Hardness is measured several different ways, and shop drawings, mill certificates, and heat-treat specs rarely all use the same one. This calculator translates a value on one scale into its equivalents on the others for steel, so you can compare an HRC spec against a Brinell reading or a Vickers test without hunting through a printed chart.
How it works
Each hardness test pushes a different indenter into the surface under a different load, so there is no exact algebraic formula linking them. Instead, the industry relies on measured correlation tables. ASTM E140 publishes those tables for carbon and low-alloy steel, and this tool stores a condensed version with Vickers as the master column.

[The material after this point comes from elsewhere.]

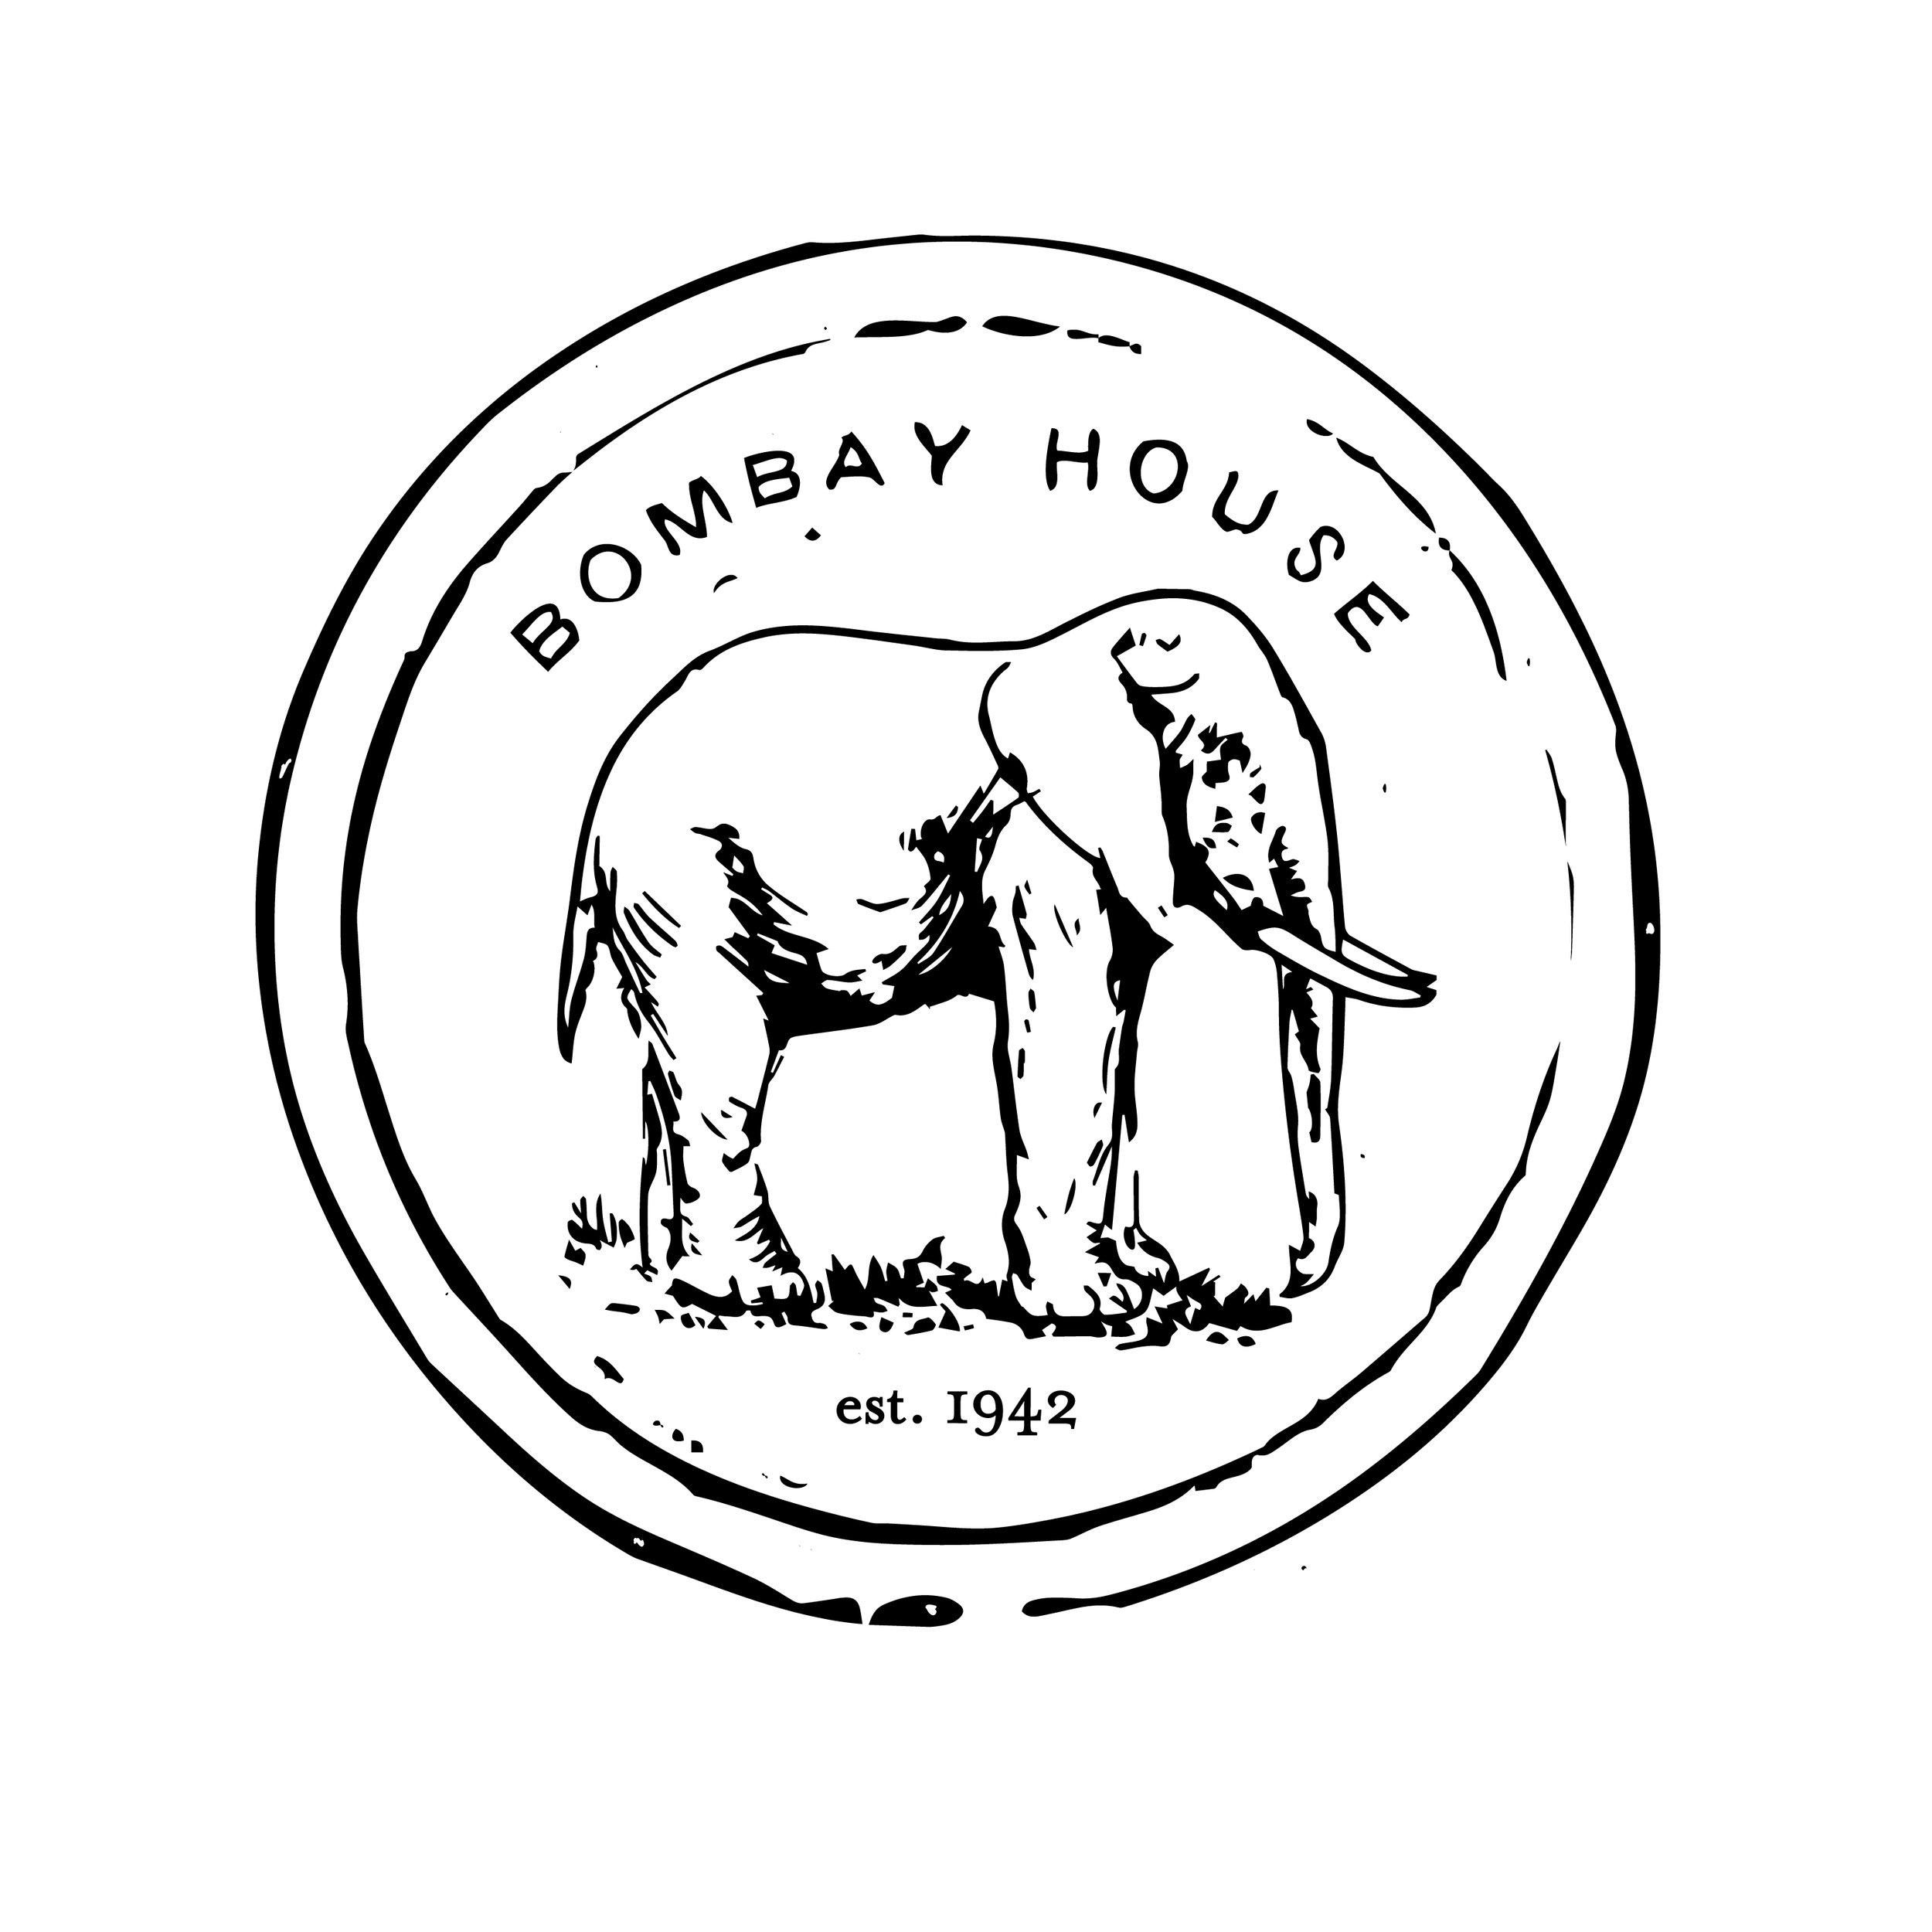 bombay-house.jpg

input value -> interpolate to Vickers (HV)
HV -> interpolate to HRC, HRB, HRA, HB
HV -> estimate tensile strength (ksi, then MPa)
When you enter a value, it is first converted to Vickers by linear interpolation between the nearest table rows, then Vickers is interpolated back out to every other scale. Any scale whose valid window does not include your value is marked out of range rather than extrapolated.
Tips and notes
These conversions apply only to carbon and low-alloy steels. Stainless steel, nickel alloys, and non-ferrous metals have their own ASTM E140 tables with different relationships, and case-hardened or surface-treated parts behave differently again.
The tensile strength estimate is a convenience, not a substitute for a tensile test. It follows the standard steel correlation but can be off by a noticeable margin depending on microstructure, so never use it as the basis for a structural calculation. For acceptance testing, always measure on the scale your specification calls out rather than converting from another.